Banco Nacional de Obras y Servicios Públicos, S.N.C.
- Type: State owned
- Industry: Financial services
- Founded: 1933; 93 years ago as Banco Nacional Hipotecario Urbano y de Obras Públicas, S.A.
- Headquarters: Mexico City, Mexico,
- Key people: Jorge Mendoza Director General
- Products: Banking, Financial
- Number of employees: 900
- Website: www.gob.mx/banobras

= Banobras =

Mexican development bank

Banco Nacional de Obras y Servicios Públicos, S.N.C. (Banobras; lit. 'National Bank of Public Works and Services') is a state owned development bank in Mexico. Its core business is sub national (Municipal and State governments) and project finance.
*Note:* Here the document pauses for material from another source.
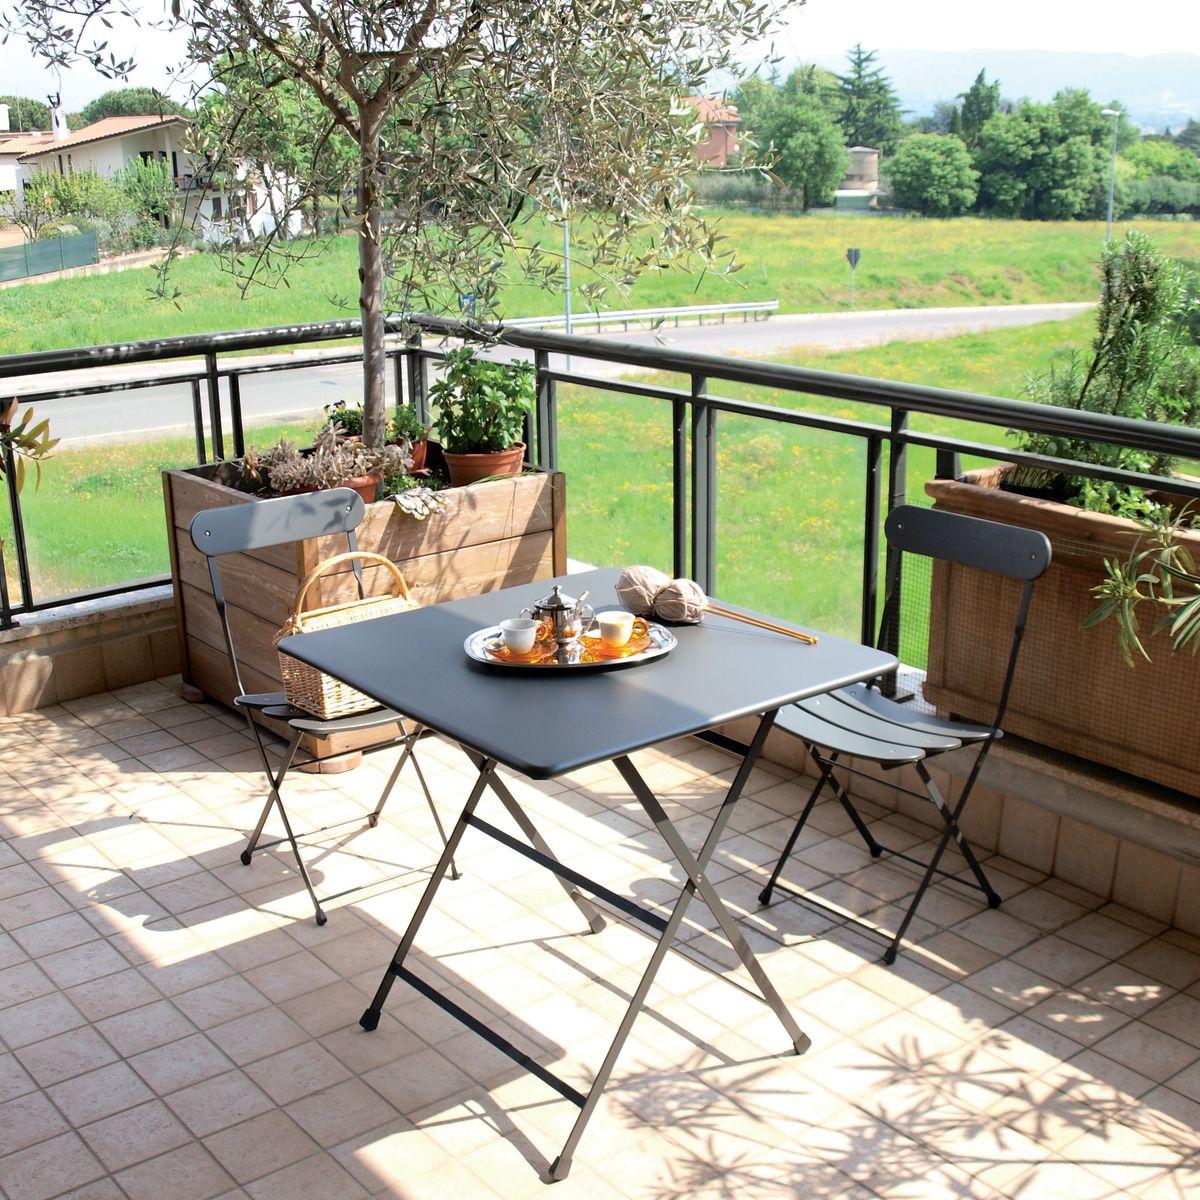 Leroy merlin tavoli giardino for Panche in legno leroy merlin

It was founded in 1933 as Banco Nacional Hipotecario Urbano y de Obras Públicas, S.A. (National Urban Mortgage and Public Works Bank) by president Abelardo L. Rodríguez.

Until the 1985 Mexico City earthquake, its headquarters were located at the Torre Insignia, a pyramid-shaped building designed by one of Mexico's most noted architects, Mario Pani.

As of December 2005, the bank has a loan portfolio of more than US$10 billion and a tier 1 capital of more than a 1 billion.